Мы идем туда, куда другие боятся ШАГНУТЬ

Пожертвование

Полезные новости

Hunting to Kill

02 мар, 2017

NovayaGazeta

All images by Ruslan Alikbekov/Novaya Gazeta

In Makhachkala (Dagestan) the mass executions continue and the number of victims has already reached several thousand. These killings are outrageous for their inhuman cruelty.

Within a matter of days, this city of 1 million people has turned into a massacre field. In the yards, bloody corpses are lying around and wounded animals hide in doorways. The residents are afraid to let their dogs out on the streets. There are not enough places able to care for the wounded dogs, but new cases continue to flow in. The animal killers continue their terrible raid. The police and prosecutors say nothing; there is no help from the authorities of Dagestan.

On the 19th February, on the deserted outskirts of Makhachkala, the body of a nine-year-old girl was found with multiple lacerations. Talk sprang up around the city that the girl had been mauled by a pack of stray dogs. The investigating committee brought forward a criminal case for ‘negligence resulting in the death of a person’ (against the Housing Authorities) and on its website, it states that the death was brought about, allegedly, by being bitten by dogs.

The causes of the child’s death will only be known following the results of forensic medical examinations, the results of which will be released in March. The Dagestanis have not waited for March. On social networks, groups sprang up in which residents called for the killing of dogs. The Mayor of the town, Musa Musaev, stated directly: “Our main task is to ensure the safety of the Makhachkala residents and visitors to the capital, and we need to resolve the problem by giving it our best efforts and utilizing all available resources.”

It was following this, that the massacre in the city began.

Mayor’s office gives the go-ahead

“Where?

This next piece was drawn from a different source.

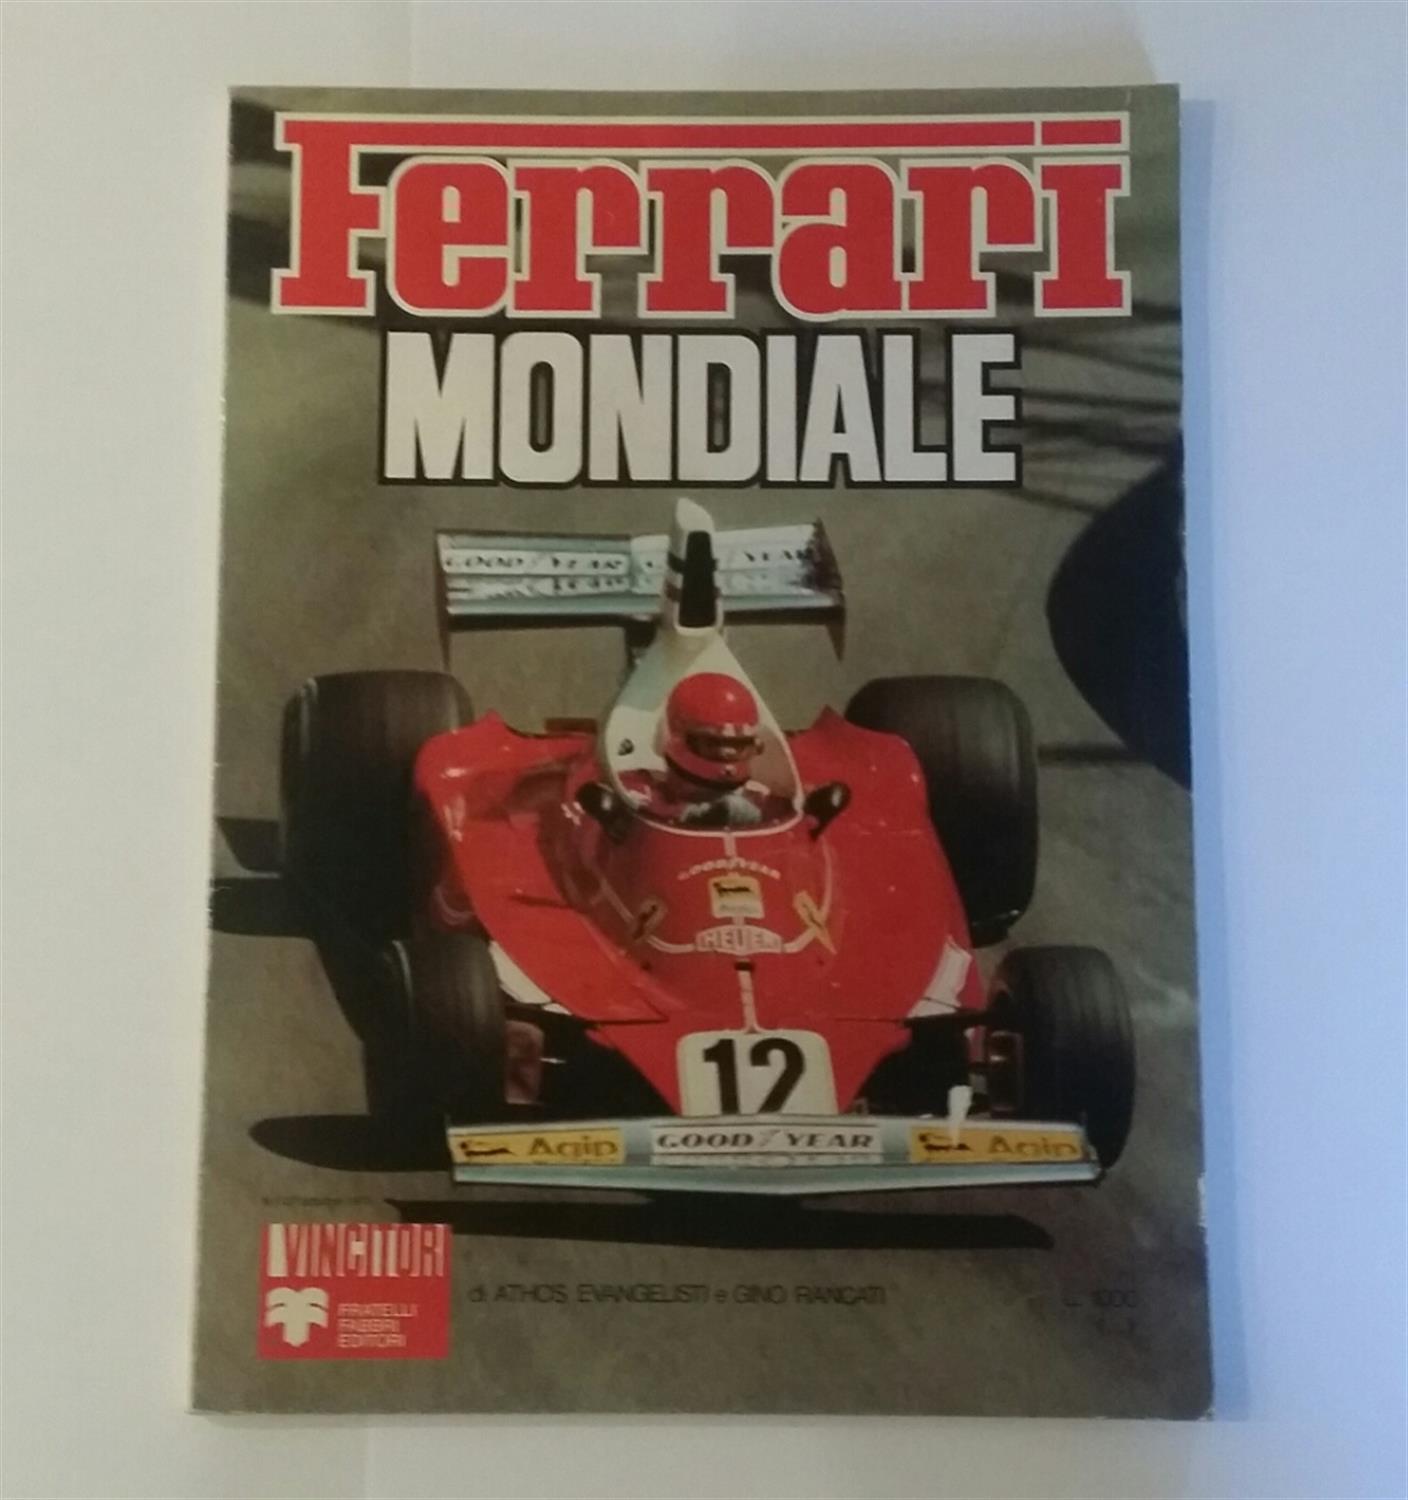 1976 Ferrari Mondiale Official Yearbook with Enzo Ferrari-Signed Business Card - Image 3 of 3
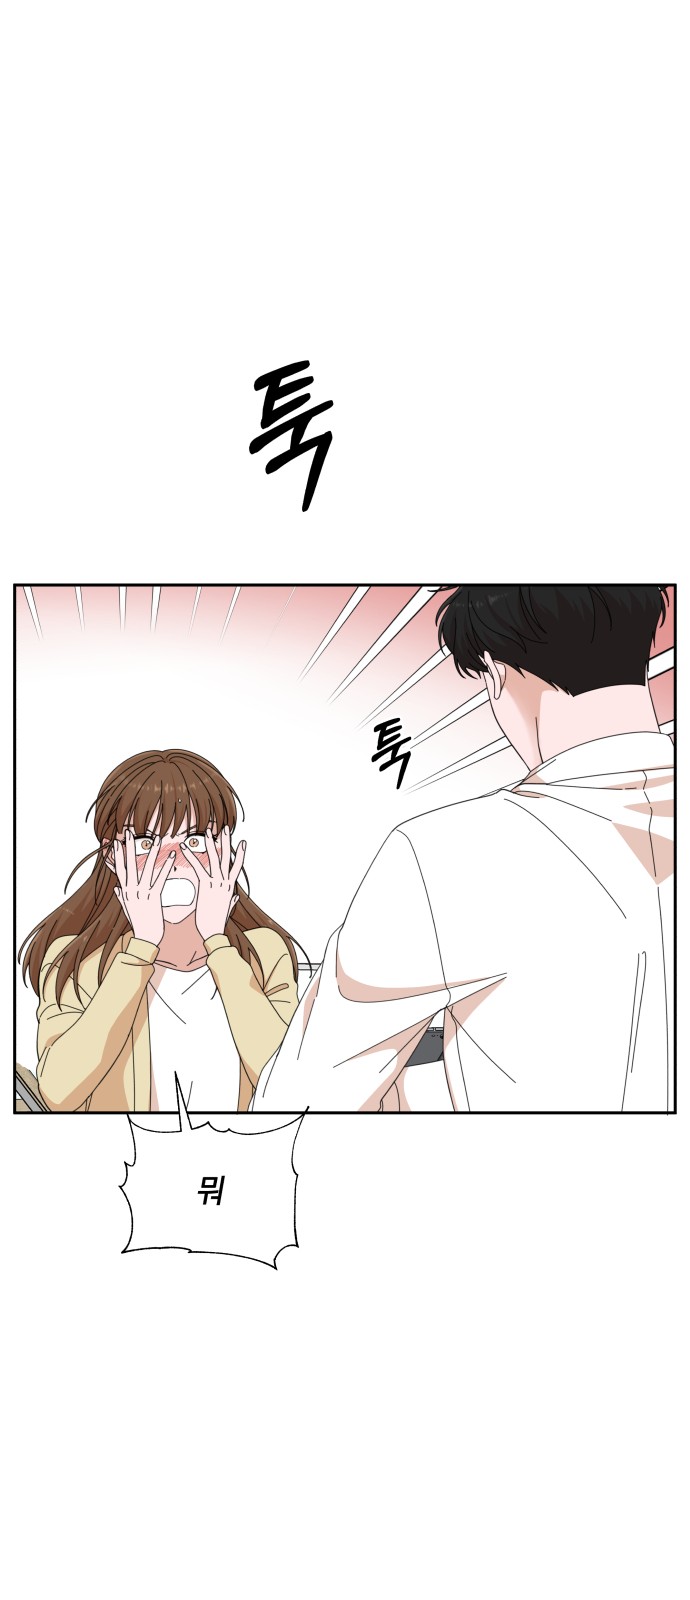 The Man With Pretty Lips - Chapter 23 - Page 1

What’s the exact address? Wait, I’m leaving now.” Olga Vyatkina, a fragile young girl in her last months of pregnancy, spins round to me whilst dialling the number for a taxi. “Irchi Kozak Street, right in the center. An injured dog is bleeding, there are two puppies.”

Me and Olga, head of the Makhachkala Zoolife Centre, one of the main animal protection organisations in Dagestan, dash out of her office. Every day and all throughout the week since the death of the schoolgirl, Olga and her colleagues receive dozens of calls with reports of injured animals. Young people in expensive cars shoot at dogs at random all over the city: their weapons range from pistols to shot guns to firearms. Any that survive are finished off with sticks, stones and iron bars. Dogs which manage to get away after being injured die a slow and painful death. The injuries they sustain are incredibly brutal. There have been cases of dogs having their legs cut off.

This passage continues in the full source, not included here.